Since I needed some pipe clamps (on the list for the Fleet Farm run when Matt arrives) to mount the carbs I decided to move on to something easy like swapping out the handlebars. The CL come with these cool MX-style bars but I have a pair of even-cooler clubman bars I bought for my Monster years back but they didn’t fit.

I sliced the left grip to remove it and the pulled the screws from the left-side controls. For some reason, they didn’t just fall off at that point. I attributed this to decades of goo but after moving it around a bit I realized something more discouraging: all of the electrical for the hand controls are threaded through the handlebars.

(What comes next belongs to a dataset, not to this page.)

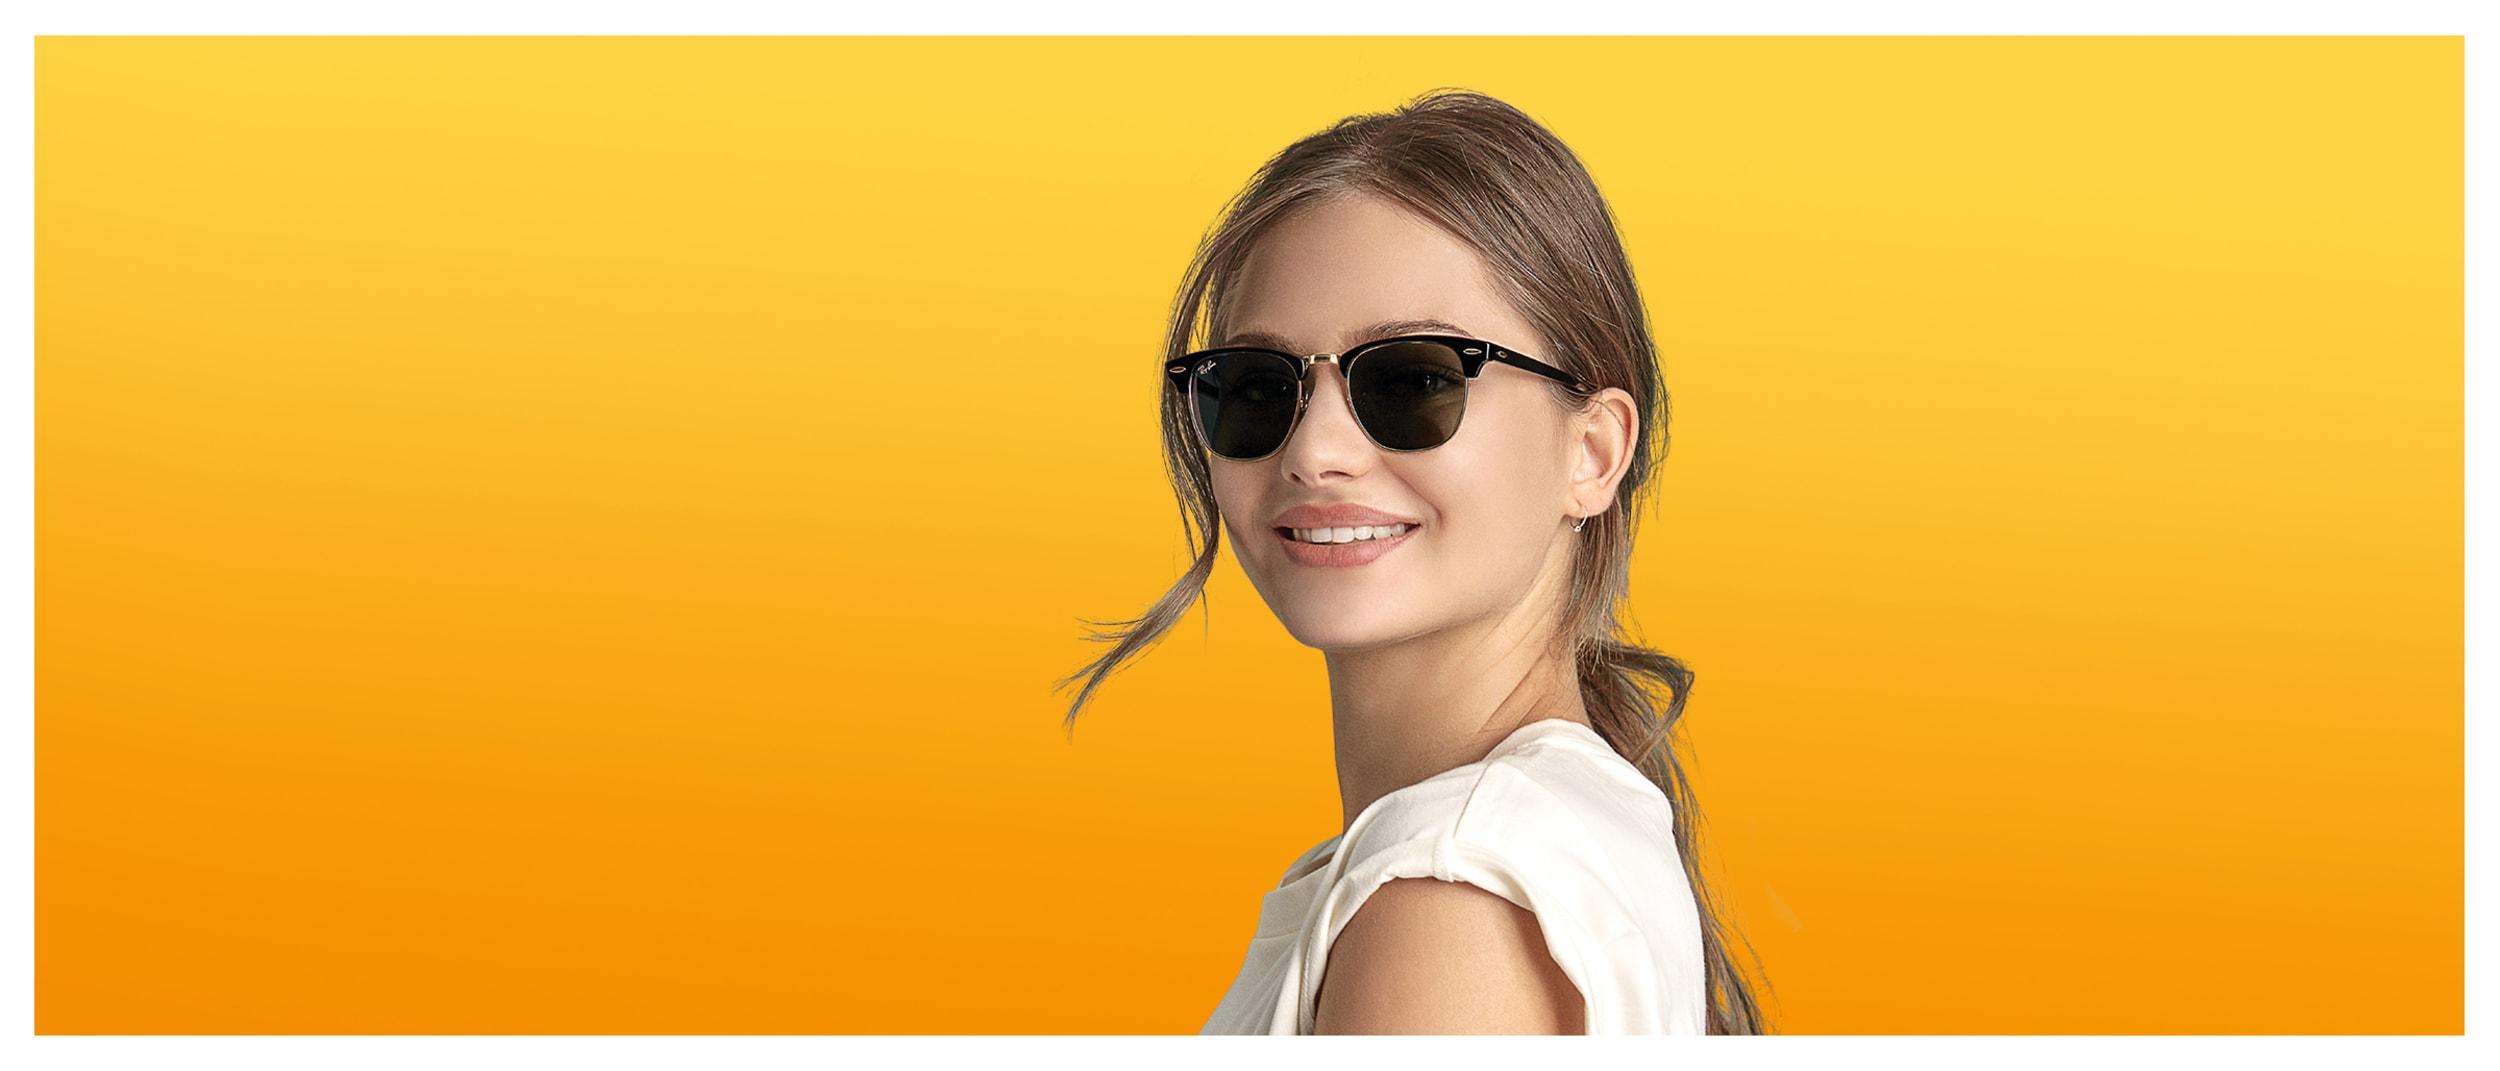 Prescription sunglasses and fashion collide at OPSM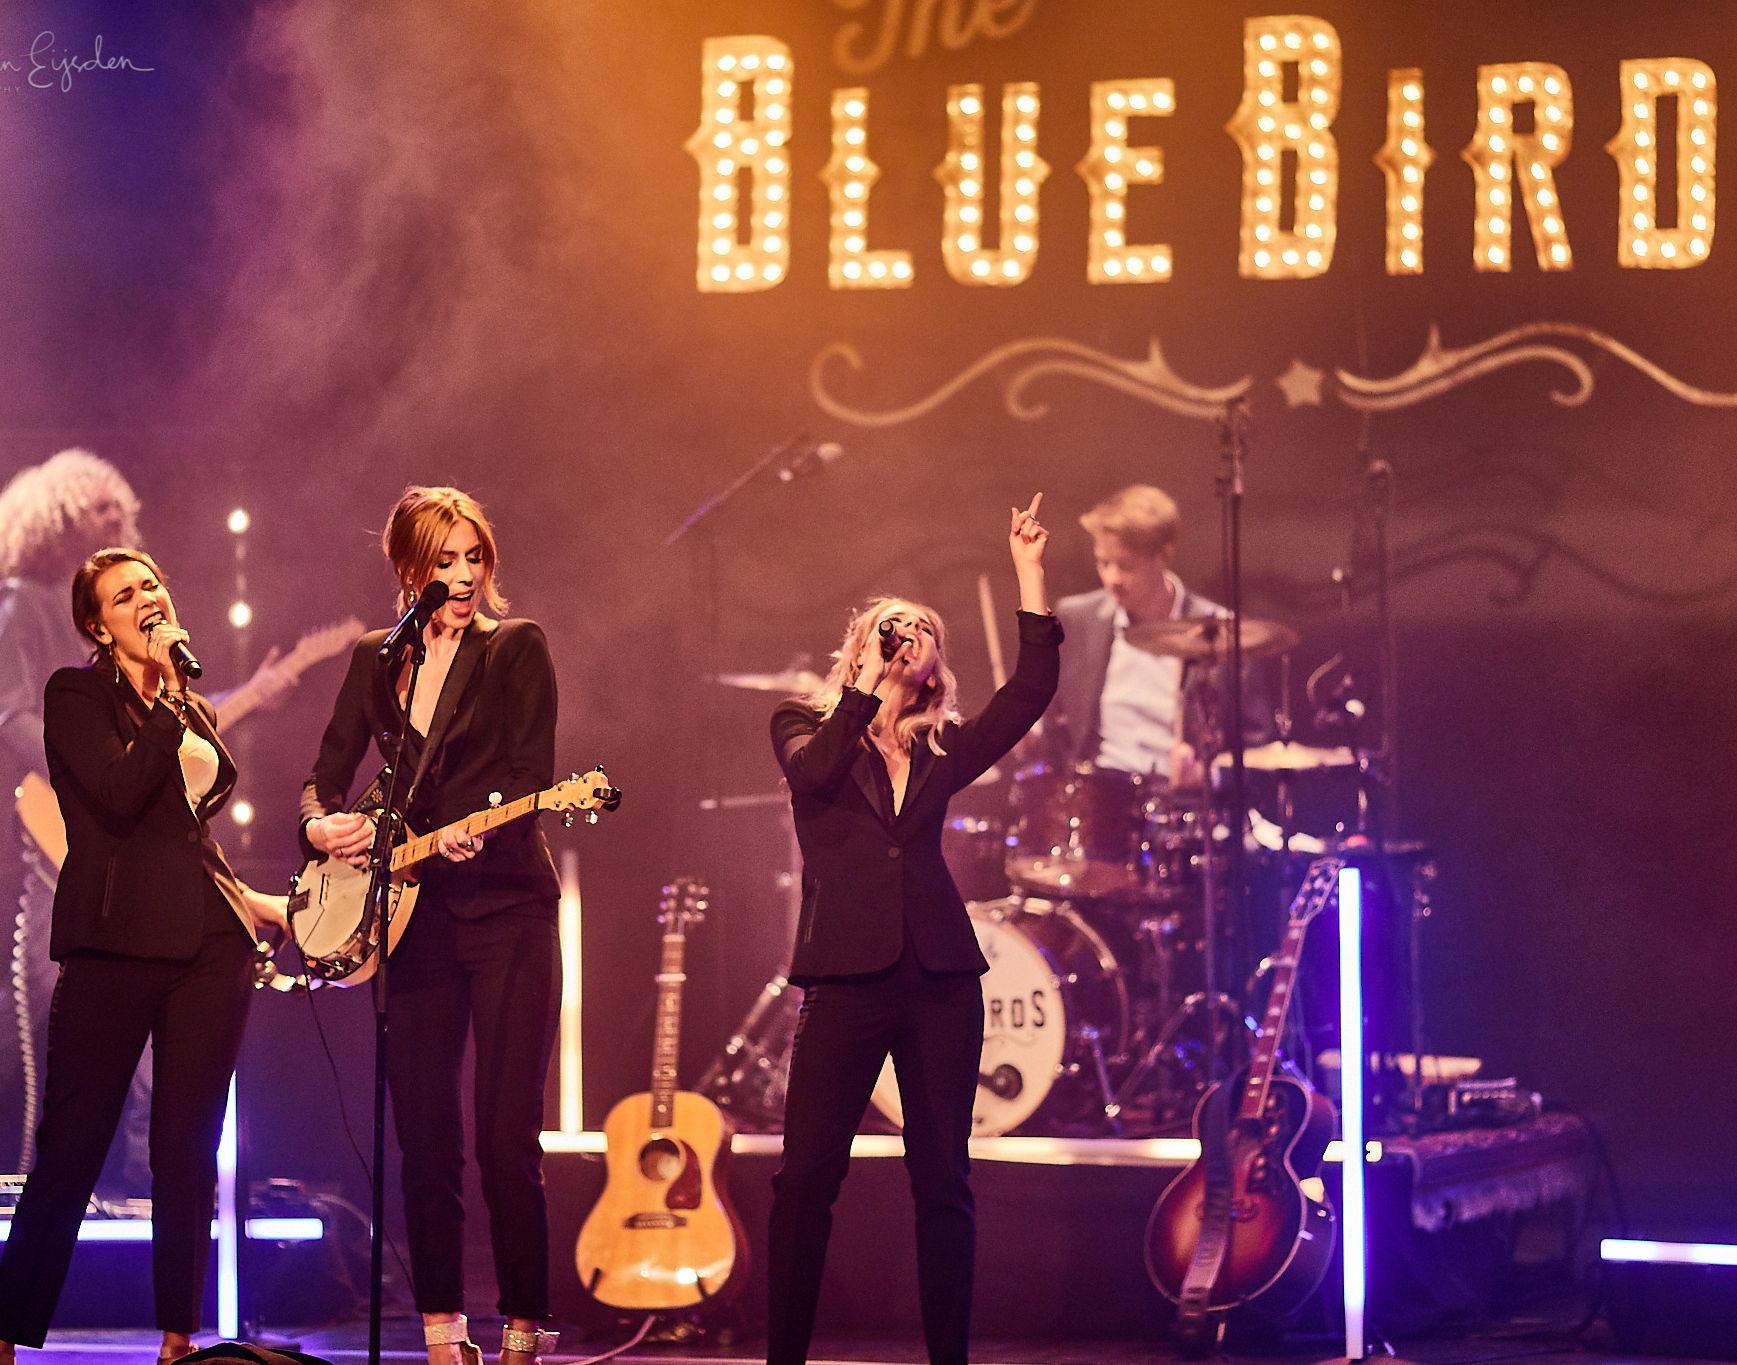 Elske, Krystl en Rachèl bundelen hun krachten en liefde voor countrymuziek in een prachtig eerbetoon aan de mooiste americana en country songs.

I took a minute to contemplate what this meant and came to a few conclusions. The first was that it was very unlikely that the current wiring would be of the proper length for the new bars, so I’d be looking at extending it. If I’m going to extend it, I want to cut it back to a point where I could add a water-tight connector and hide it away, so that means back by the speedometer and tach. It also means I’ll need the connector itself, the wire, some way to “wrap up” the individual leads and I’ll be re-wiring the controls as well.

I was just about to cut the first wire when I realized that if I started this process now there was little-to-no chance the bike would run today. I didn’t have any great expectations that it would run anyway, but if I dove into this re-wiring effort (which required parts I didn’t have on hand) that there would be little chance of having everything in place to try and fire up the engine.

So instead I grabbed the Simple Green and started scrubbing until Matt arrived.

When Matt got there we grabbed a couple of cups of Black Gold and I went over the plan. We headed to Fleet to pick up a new battery, hose clamps, air filters and a fuel filter.

We returned with some hose clamps, a fuel filter (for a lawn tractor) and a battery charger (mine had burned up recently and I thought for $25 it would be worth a shot to try and revive the battery). I threw the battery on the charger and started the re-assembly with the carburetors. With the airbox removed this went quickly and easily and with the newly-cleaned carbs the throttle action was much improved (although I still need to at least lubricate the cable if not replace it at some point).

Once that was done I realized that I still had to hang the pipes and as I got started with that Matt grabbed the camera and started rolling. It had been awhile since I played with mounting the exhaust but after a few botched attempts I remembered how the two-piece flanges went on and the pipes were back on the bike.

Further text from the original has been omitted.